Ziemski has also taught photography and digital art at a summer camp, which she said she enjoyed, because she had the opportunity to spread ideas about art that other people could make their own.

“I think a lot of times art can get forgotten,” said Ziemski, before emphasizing that she thinks it is important because regardless of whether someone is looking at a work of art from Argentina, Japan, or the United States, they can understand it.

“I love showing a story through an image rather than telling it with my words,” she said. “Art is universal – there is no language barrier. No matter what art you look at, you can get a message from it.”

Next year, she will attend The Catholic University of America in Washington, and she was awarded the Karen Laub-Novak Arts and Faith Scholarship, which is given to incoming studio art or art history majors who demonstrate exceptional creative talent. To apply for the scholarship, Ziemski wrote an essay about how she hopes to explore her Catholic faith and formation through art and artistic expression.

“I never had the intention of combining art and religion, it just happened naturally,” Ziemski told the Catholic Standard. She started relating art to religious iconography and often uses a lot of light and ethereal imagery, which she said symbolizes heavenly light and shows “how I am looking at the world through a spiritual eye.”

Another way in which she combines her faith with her art is through volunteering with the Memory Project, which is a charity that invites artists to create portraits of children around the world who have faced substantial challenges such as violence, war, extreme poverty, neglect, and loss of parents, as a way of helping them to feel valued.

“It is one of my favorite things to do,” Ziemski said, adding that she thinks the portraits help the children “to know that people are always watching out for them.”

Ziemski creates a primary source pencil self-portrait. (Photo/Connelly School of the Holy Child)

The artists are sent photographs of the children to base their artwork on, and Ziemski always does a pencil drawing with a watercolor background. Since she is looking at their faces for two to three months at a time, she prays for the children as she is drawing.

“It is a way to combine service, art and faith together,” she said.

Attending a Catholic school “has definitely inspired me more than I thought it would,” she said.

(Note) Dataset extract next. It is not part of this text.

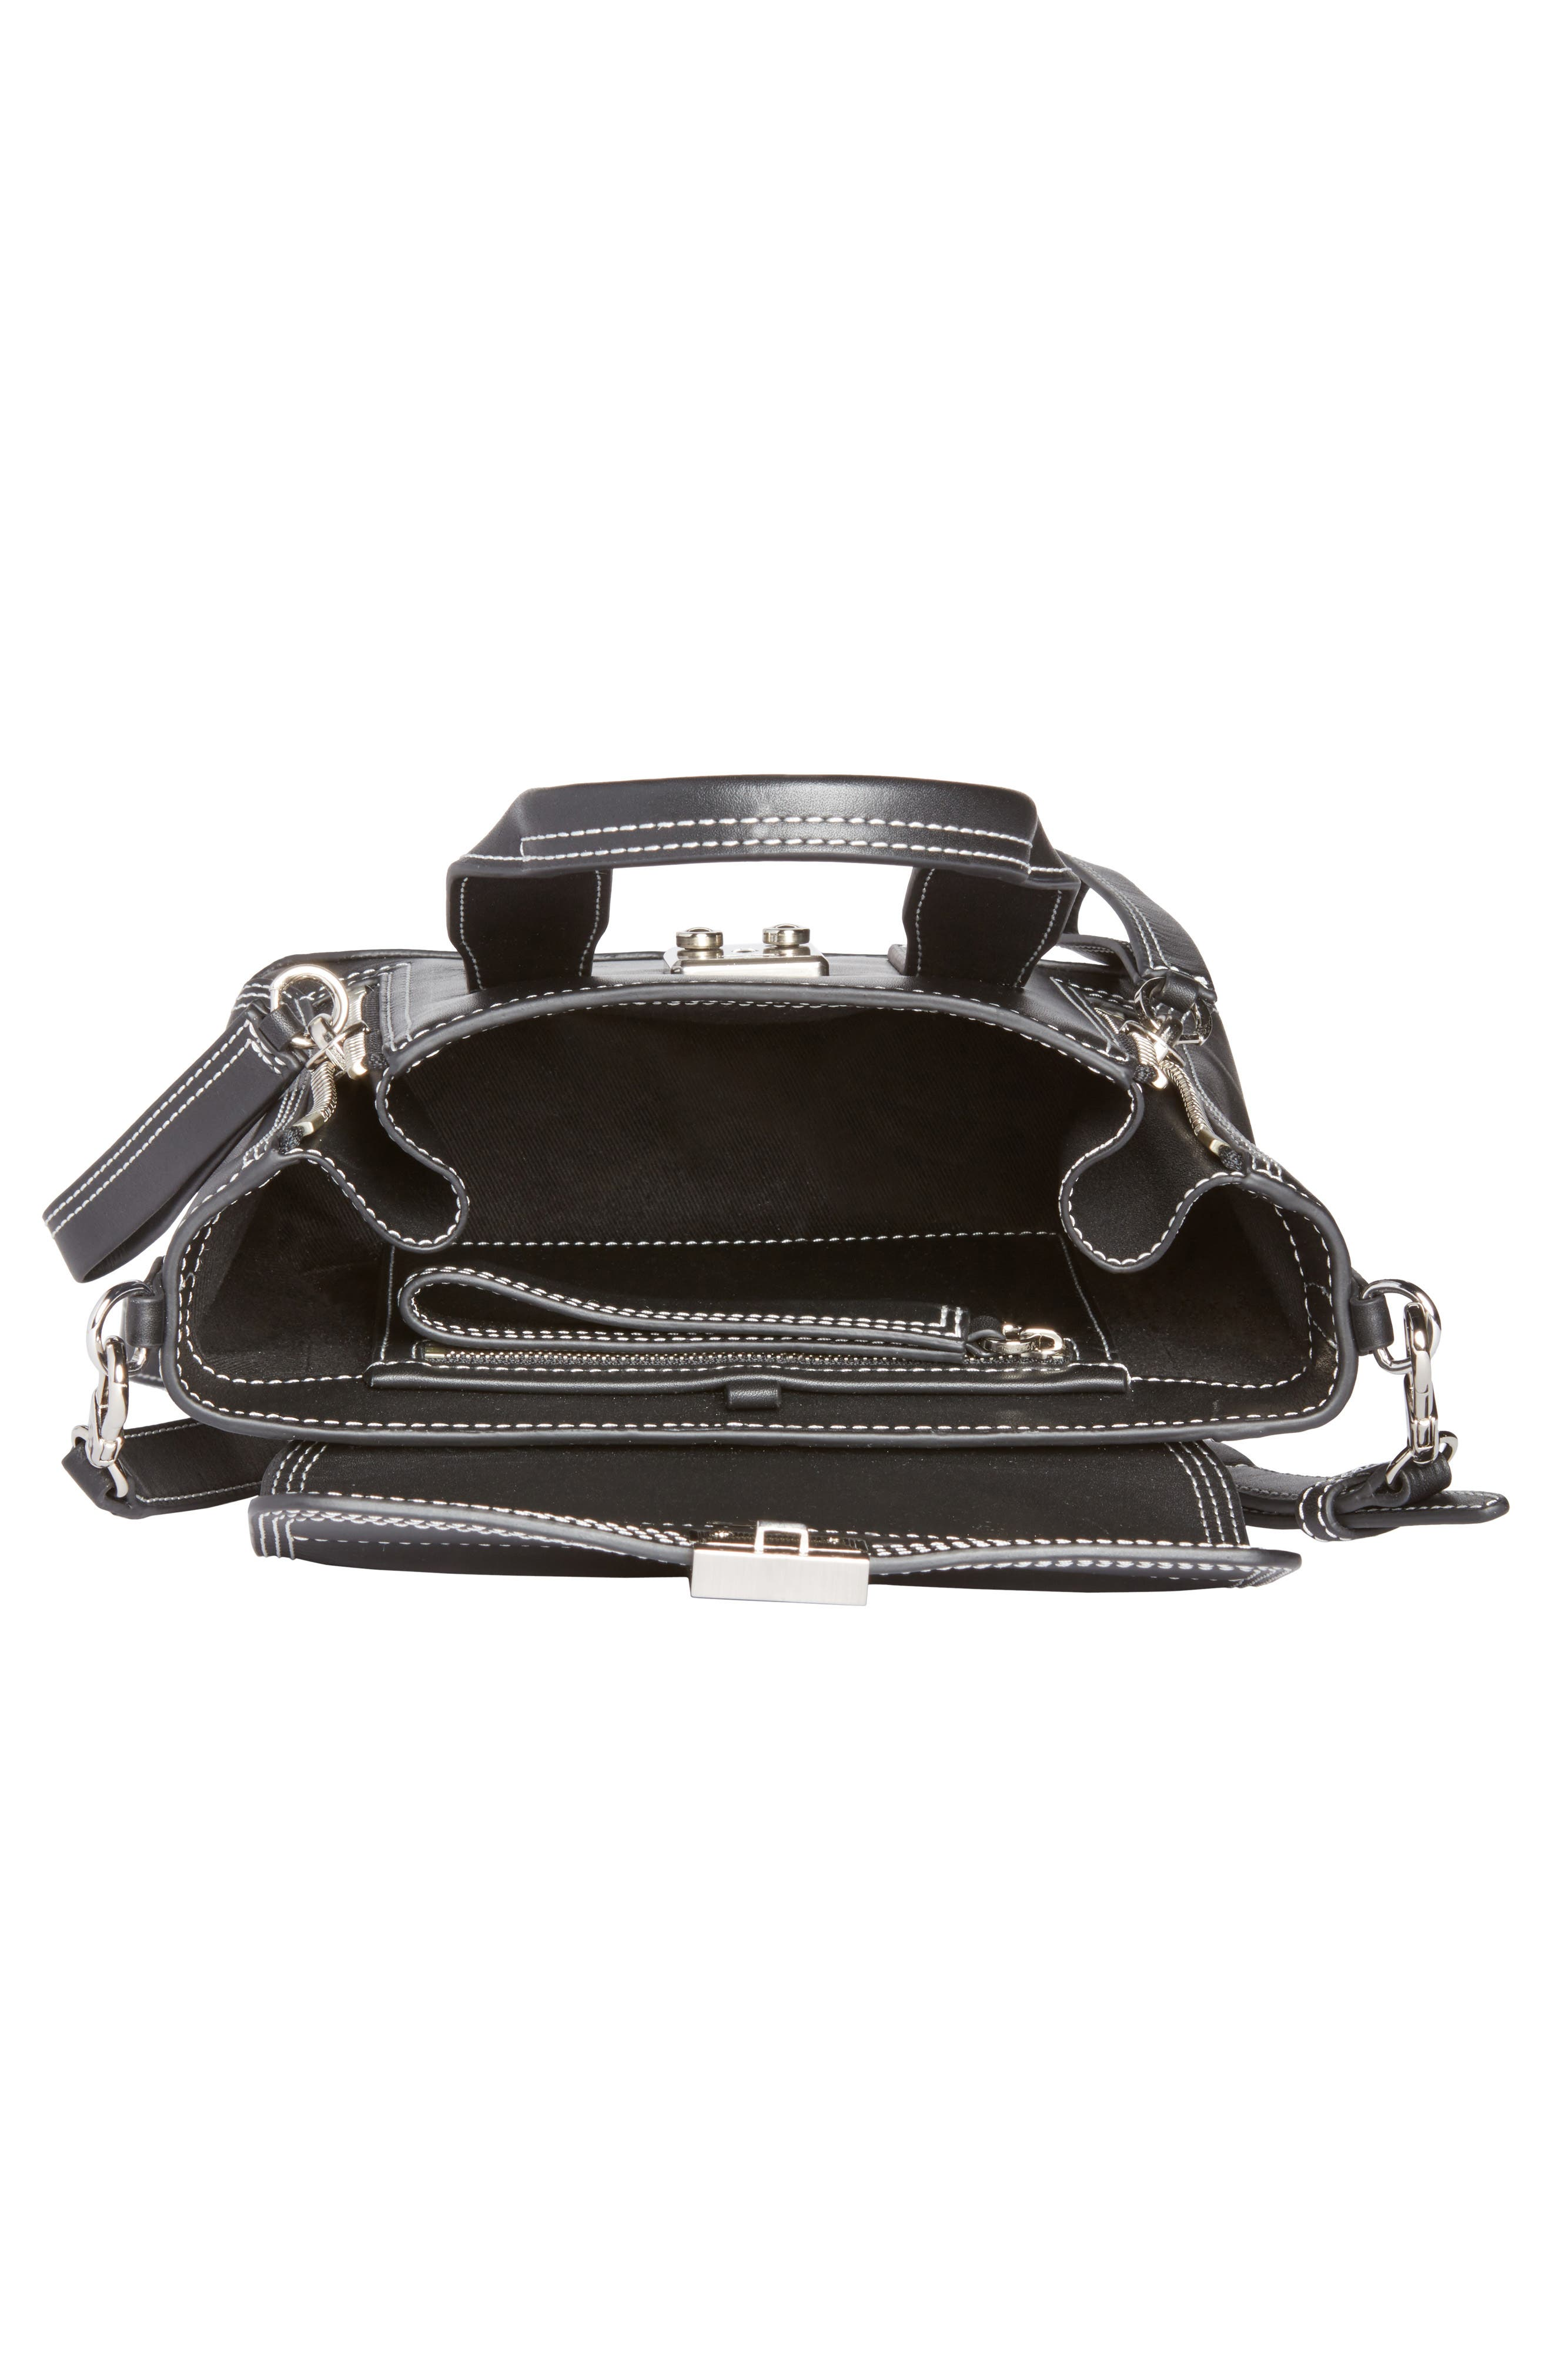 Alternate Image 3  - 3.1 Phillip Lim Mini Pashli Leather Satchel
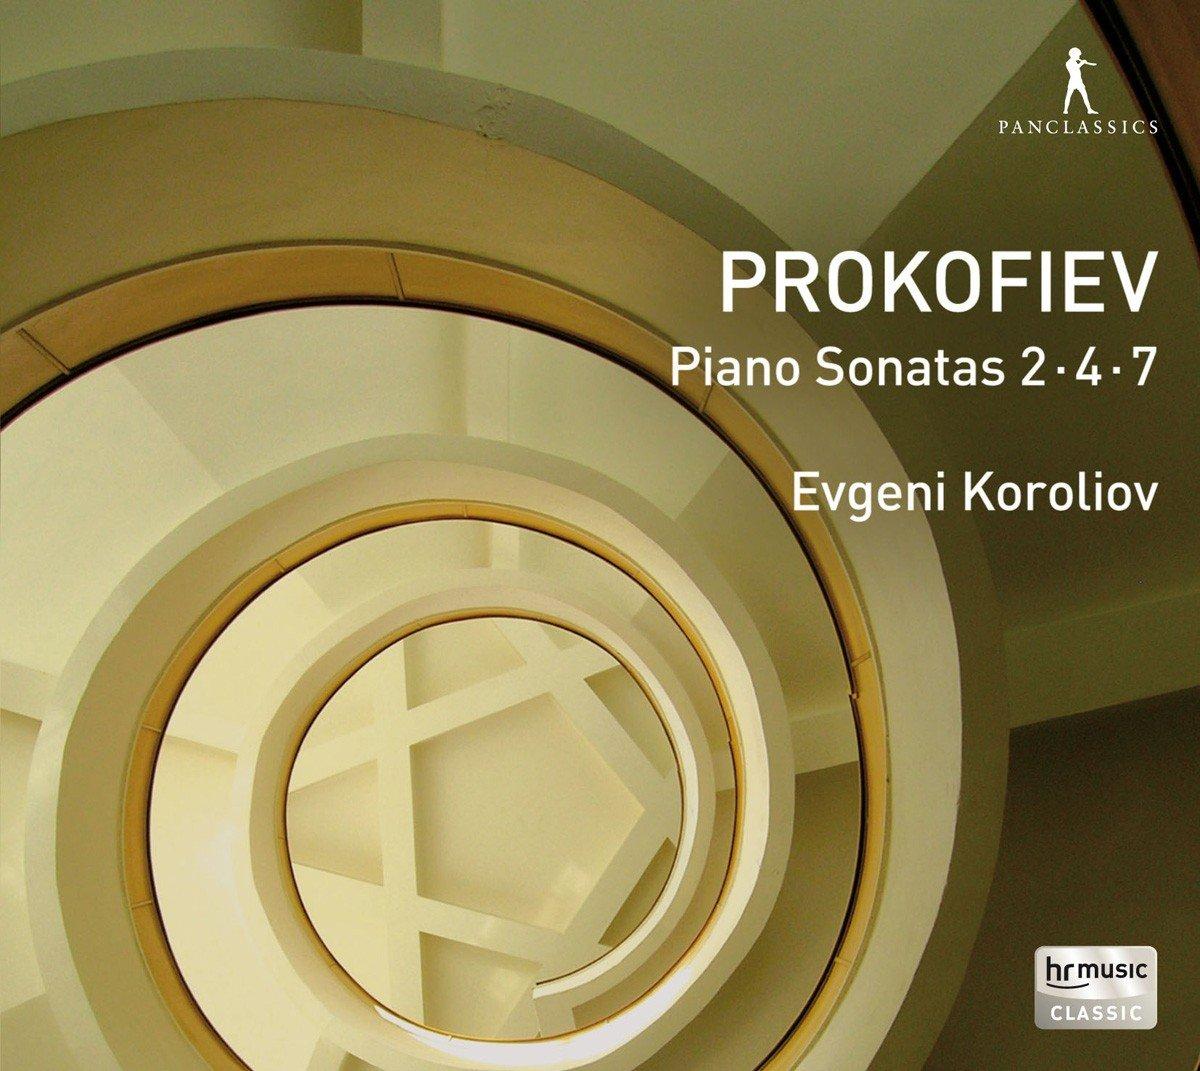 Prokofiev Sonates pour piano - Page 2 71hvaVOiYBL._SL1200_

“Having religion around me so constantly has made it easier (to connect faith and art),” she said. “I don’t think I would have seen the connection until later. I’m really glad I saw the connection now so I could build on it and grow in it. I can’t imagine my life without art in it.”

Though she will miss Holy Child, Ziemski said she is looking forward to attending Catholic University and studying religious history and art.

Combining her faith with her art “definitely makes it more special,” she said, “because I am becoming more in tune with a talent that was given to me outside of myself.”

“Adding a religious element to it makes me more myself because it was given to me from God,” she said, adding that it “makes it more meaningful for myself and anyone else receiving it.”